Skills is the area currently being eroded by generative AI: “the closer we get to the screen … that’s what AI is already able to do,” Tornquist summarised. Generative AI can save marketers time spent learning how to build pivot tables by simply building a pivot table.

What generative AI can’t replicate is the core skills – which is why Tornquist prefers to use this term over ‘soft skills’. “If you were going to build a marketer, you’d start here,” he said. “They have to have critical thinking – because things move so quickly [that] the more we have smart automation doing some of the job, the more important it is that we are critical thinkers [who] know what questions to ask.

“…What I think has already started to happen post-Covid … as a result of AI, and will accelerate, is an increasing focus on knowledge and core [capabilities],” said Tornquist.

How to build core capabilities that stick

Learning is now available to marketers in more forms than ever before, but how can organisations make sure that it has a lasting impact?

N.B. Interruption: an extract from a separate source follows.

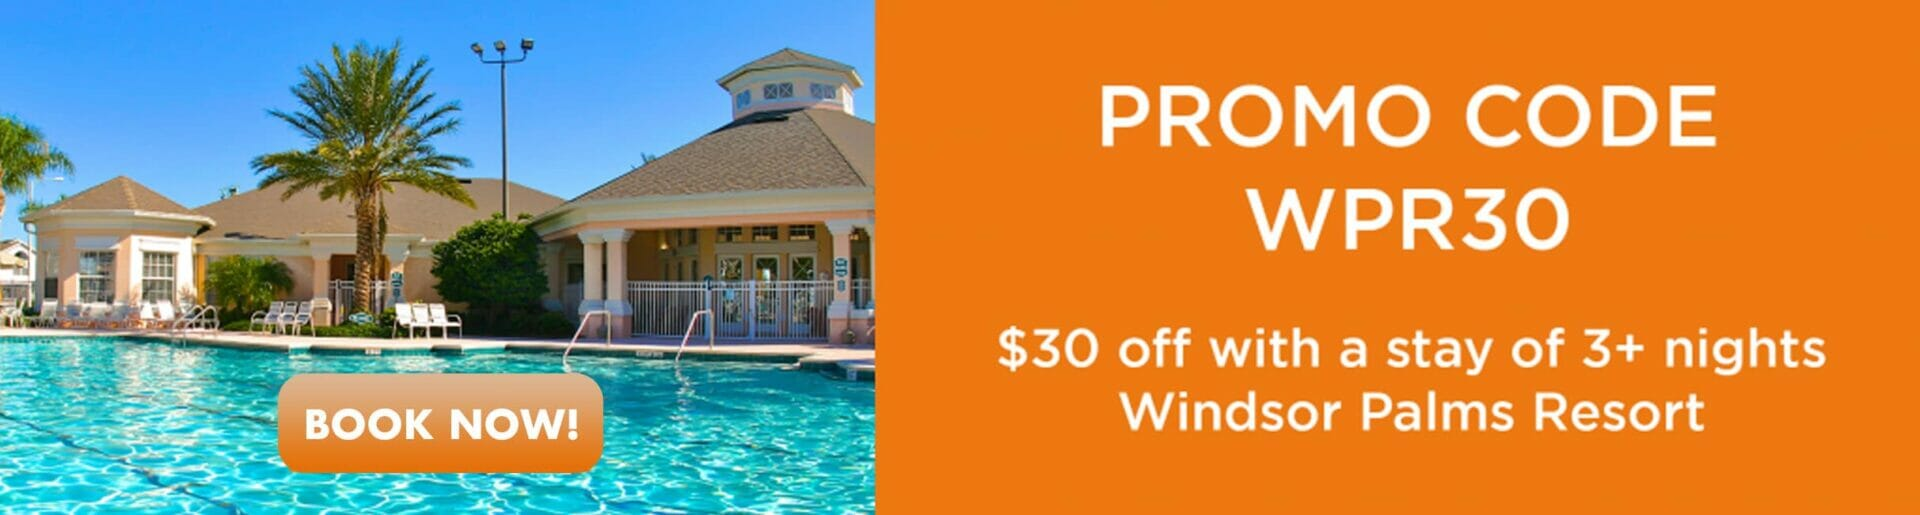 Promo Windsor Palms 30% off Orlando Vacation Discounts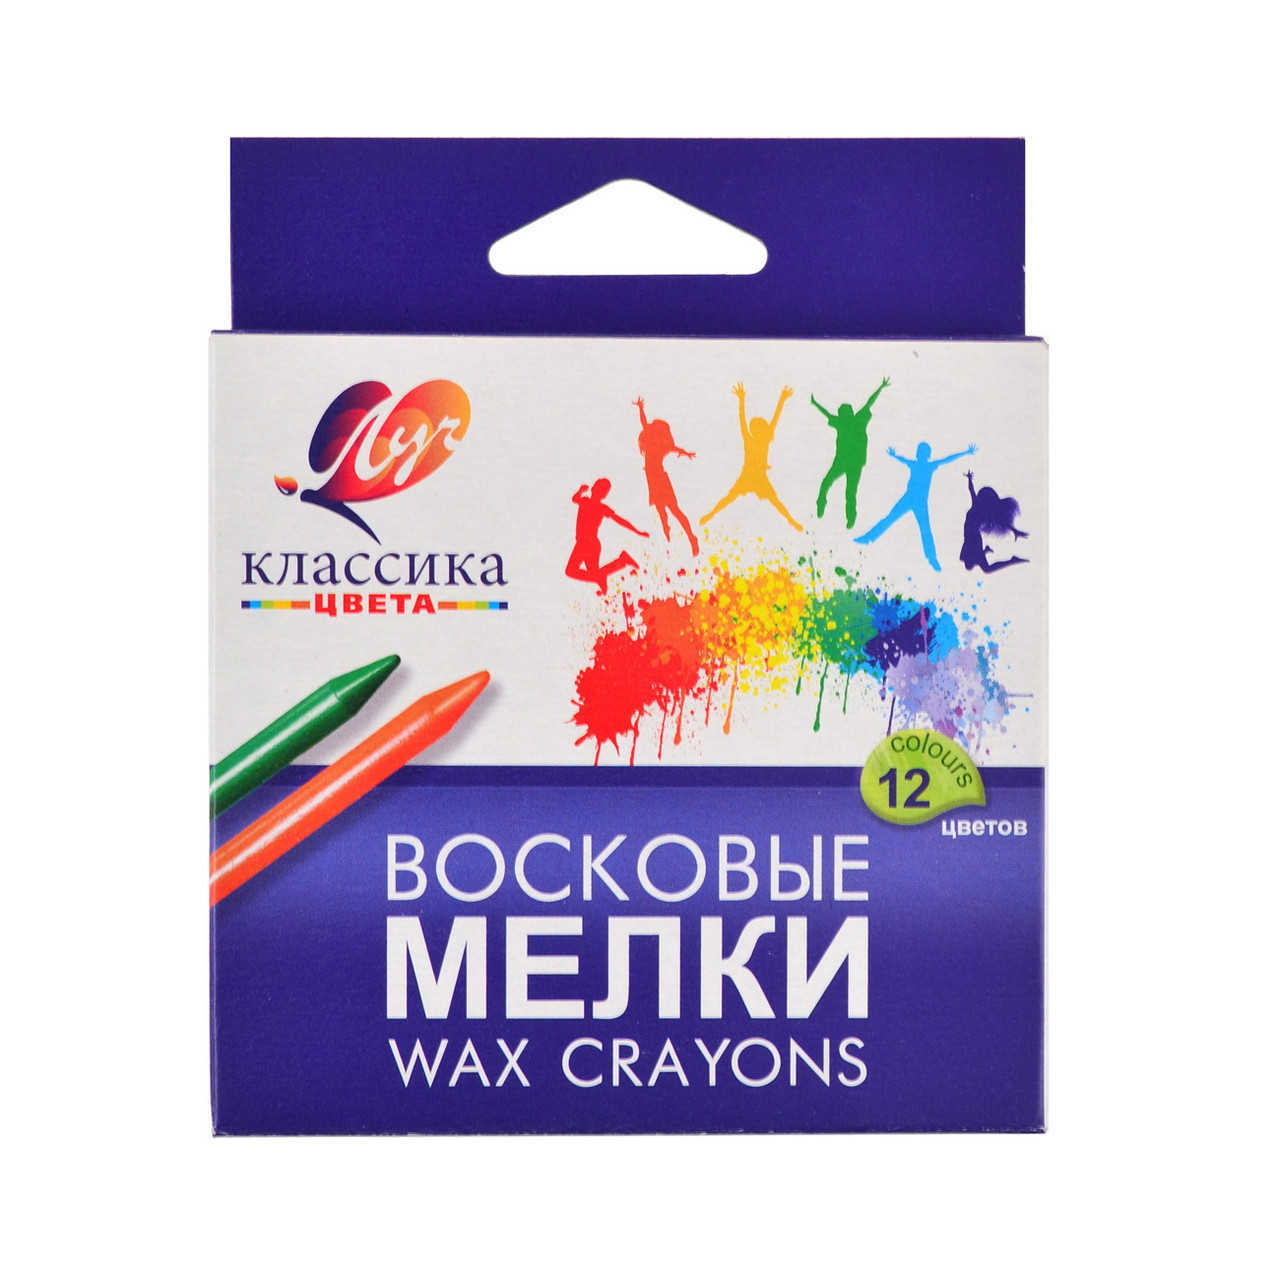 "Карандаш воск. круглый 12 цв.""Классика"" (8*90) 12C861-08"

Tornquist outlined three key steps to take:

Learn together, at the same time

While on-demand learning can be valuable when a marketer has a specific question, it’s less useful for building an underlying foundation for those core capabilities. Additionally, retention of that knowledge can be poor once the question is answered.

By making significant parts of the learning (such as the kick-off) time-dependent and synchronised – whether in person or virtual – organisations can make sure employees are making time for learning and engaging with it.

Build an emotional connection to the learning

This can be accomplished by creating a social dynamic around learning – again, through learning alongside colleagues – and also through incorporating an applied learning component, to set learning in context.

“It’s much more inspiring to see what might happen when it’s your own data and your own problems,” said Tornquist. “And it’s a way that we’re actually going to remember what we learn.”

Implement ‘appointment learning’

Whether it’s time set aside for a week-long training course or a virtual session lasting an hour, appointment learning gives marketers permission to learn.

“[It says] ‘This is really important to us, and it’s important to you – and we’re going to make the time for you’,” said Tornquist.